I am getting an exception when I tried to stress my application, which eventually causing watchdog reset on LPC55S69 cortex M33 controller.
I tried to capture the instruction which is causing exception and it points to first line of code in xTaskRemoveFromEventList() which is invoked by xQueueGenericSend(). could someone please let me know what could be the reason for this exception?
xQueueGenericSend is calling xTaskRemoveFromEventList() when the task list waiting on queue is not empty but not sure why is it failing.
/* If there was a task waiting for data to arrive on the
queue then unblock it now. */
if( listLIST_IS_EMPTY( &( pxQueue->xTasksWaitingToReceive ) ) == pdFALSE )
{
if( xTaskRemoveFromEventList( &( pxQueue->xTasksWaitingToReceive ) ) != pdFALSE )
{
the equivalent assembly code generated for first few lines of API xTaskRemoveFromEventList() is as below
stack overflow is checked and it is not overflow issue.
ConfigASSERT is not defined but using the default implementation of it, which is disabling interrupts and waiting indefinitely.
/* Define to trap errors during development. */ #define configASSERT(x) if(( x) == 0) {taskDISABLE_INTERRUPTS(); for (;;);}
the exception is occurring before configASSERT line and I suspect it is failing when it tries to load the head of the list, would like to understand why is it failing to fetch? #define listGET_OWNER_OF_HEAD_ENTRY( pxList ) ( (&( ( pxList )->xListEnd ))->pxNext->pvOwner )
Oh yes. @phaneesh86 Recent versions of FreeRTOS come with more useful assertions which could help to narrow down the root cause problem that the list is invalid or got corrupted.
Another reason for internal data corruption might be invalid interrupt priorities when using FreeRTOS (FromISR) API in ISRs.
When in doubt see the FreeRTOS docs regarding RTOS for ARM Cortex-M and
e.g. Understanding priority levels of ISR and FreeRTOS APIs - #16 by aggarg which contains a pretty good explanation.
I do suspect the same that it is trying to access NULL pointer but is there any possibility for it? before calling xTaskRemoveFromEventList() it is checked that list is not empty.
/* If there was a task waiting for data to arrive on the
queue then unblock it now. */
if( listLIST_IS_EMPTY( &( pxQueue->xTasksWaitingToReceive ) ) == pdFALSE )
{
if( xTaskRemoveFromEventList( &( pxQueue->xTasksWaitingToReceive ) ) != pdFALSE )
{
regarding call stack, I don’t have debugger connected to it so can’t say exact call stack but based on the exception handler data and code walk through, it is as below.
There is little merit in trying to get more information about the fault because the real corruption problem has occurred many many cycles before the crash. As @aggarg pointed out, data breakpoints are very valuable tools in pinpointing the root cause.
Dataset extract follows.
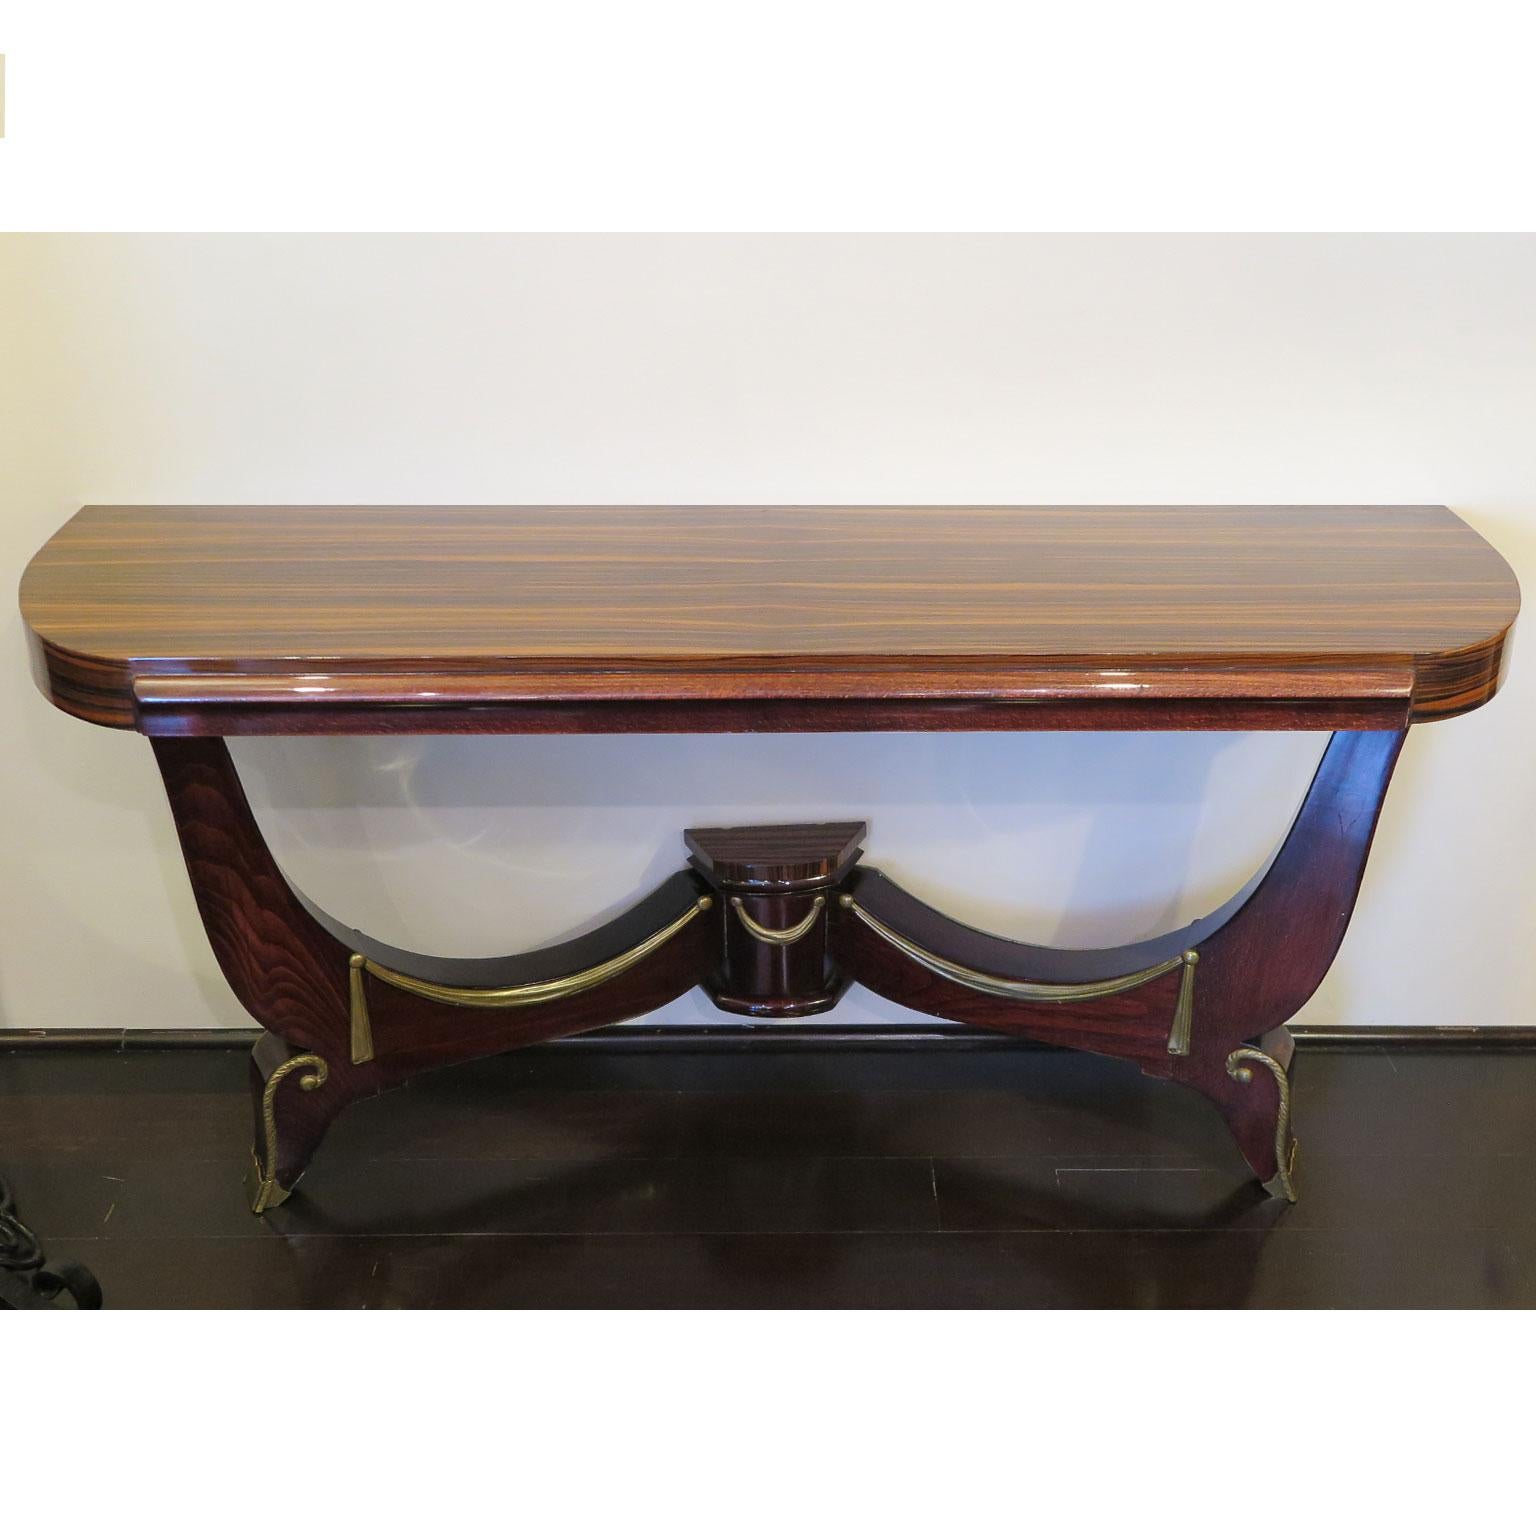 Classic Art Deco console showcases a demilune top. The top and base detail is done in Macassar while the curved legs and front apron are in a Mahogany. The curved base features brass details in the style of tassels and swirl details on the feet with

For example, if you happen to discover that the corruption always involves the invalid value 0xdeadbeef at address 0x24448888, define a data watch point to break into the debugger for a write of 0xdeadyyyy to that address. That kind of thing gets you to the root cause much quicker.
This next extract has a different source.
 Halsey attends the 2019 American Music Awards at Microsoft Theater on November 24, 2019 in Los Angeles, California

Did you already verify that the ISR priorities are valid and the correct FromISR FreeRTOS API is used and also the heap implementation is right ?
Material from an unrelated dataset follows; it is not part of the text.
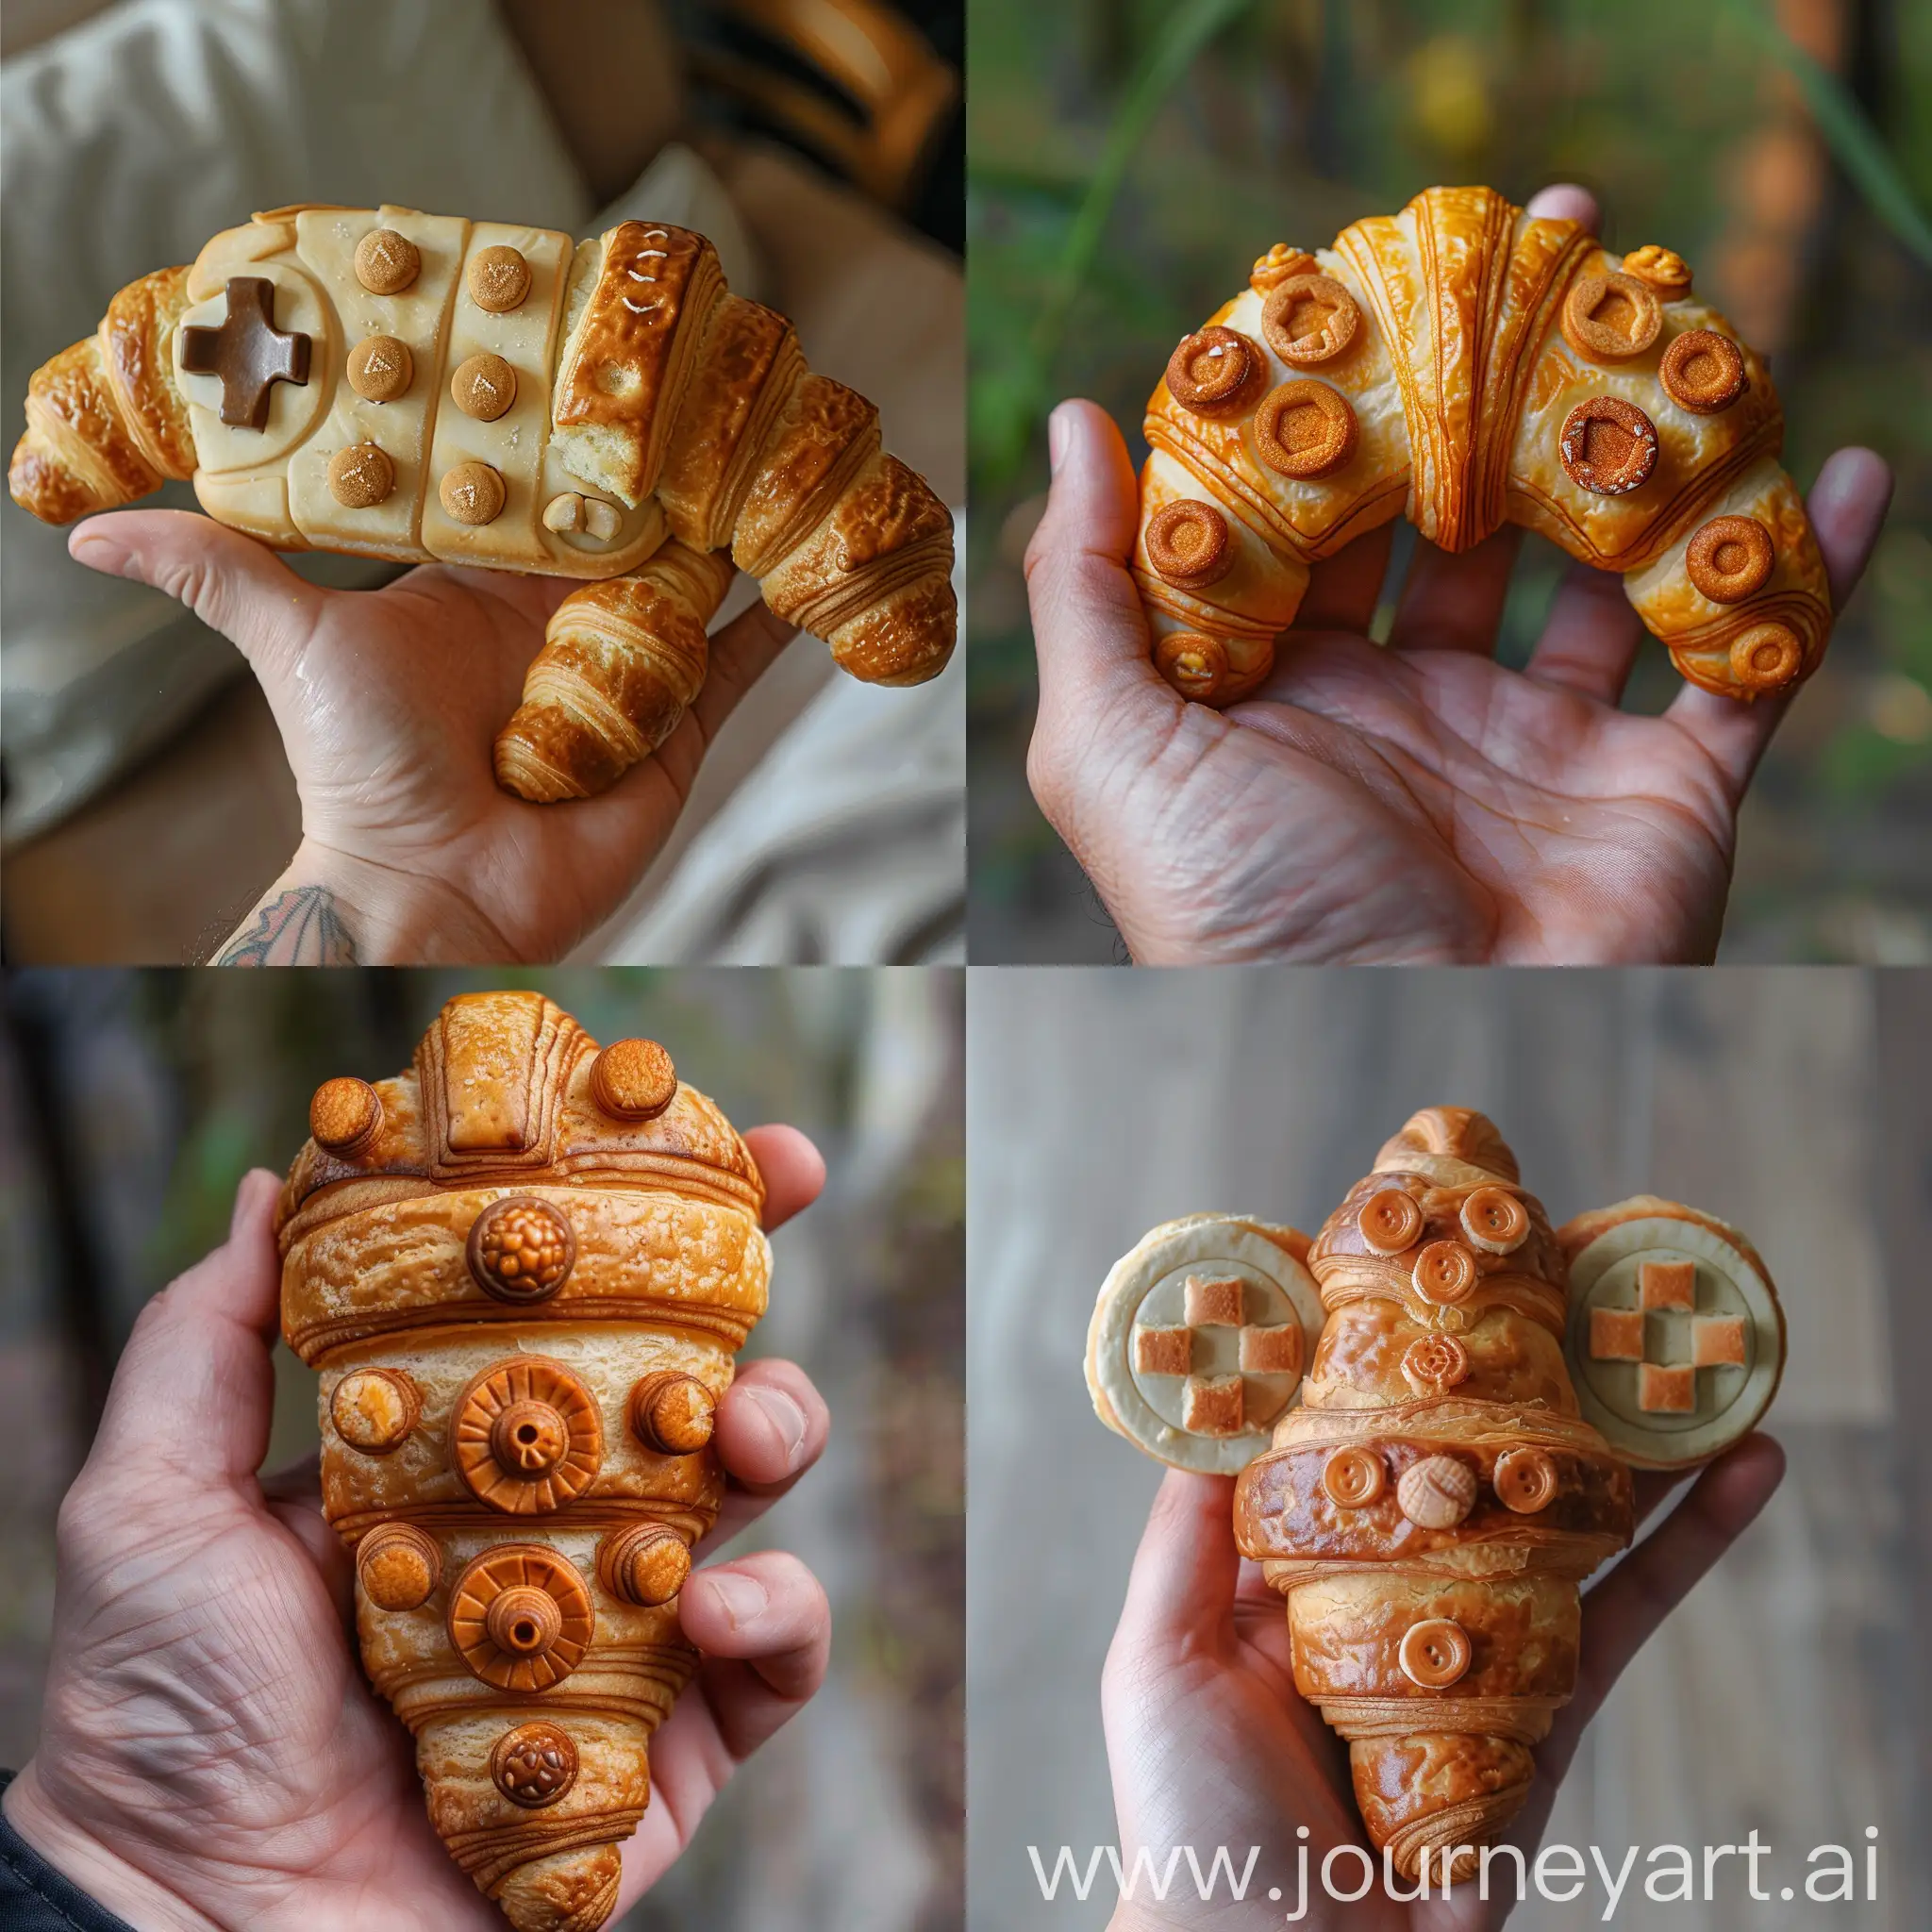 Gaming-Joystick-Croissant-Handcrafted-Bread-Controller

Since FreeRTOS allocates task stacks from heap (by default/if configured accordingly) they can’t overlap. In addition on Cortex-M33 the stack check (if enabled) is very reliable because it has HW support for it (stack limit registers).
You also could use a recent FreeRTOS version with the mentioned more sophisticated asserts and checks just for testing purposes to find the problem and apply it to your production application if you really can’t upgrade.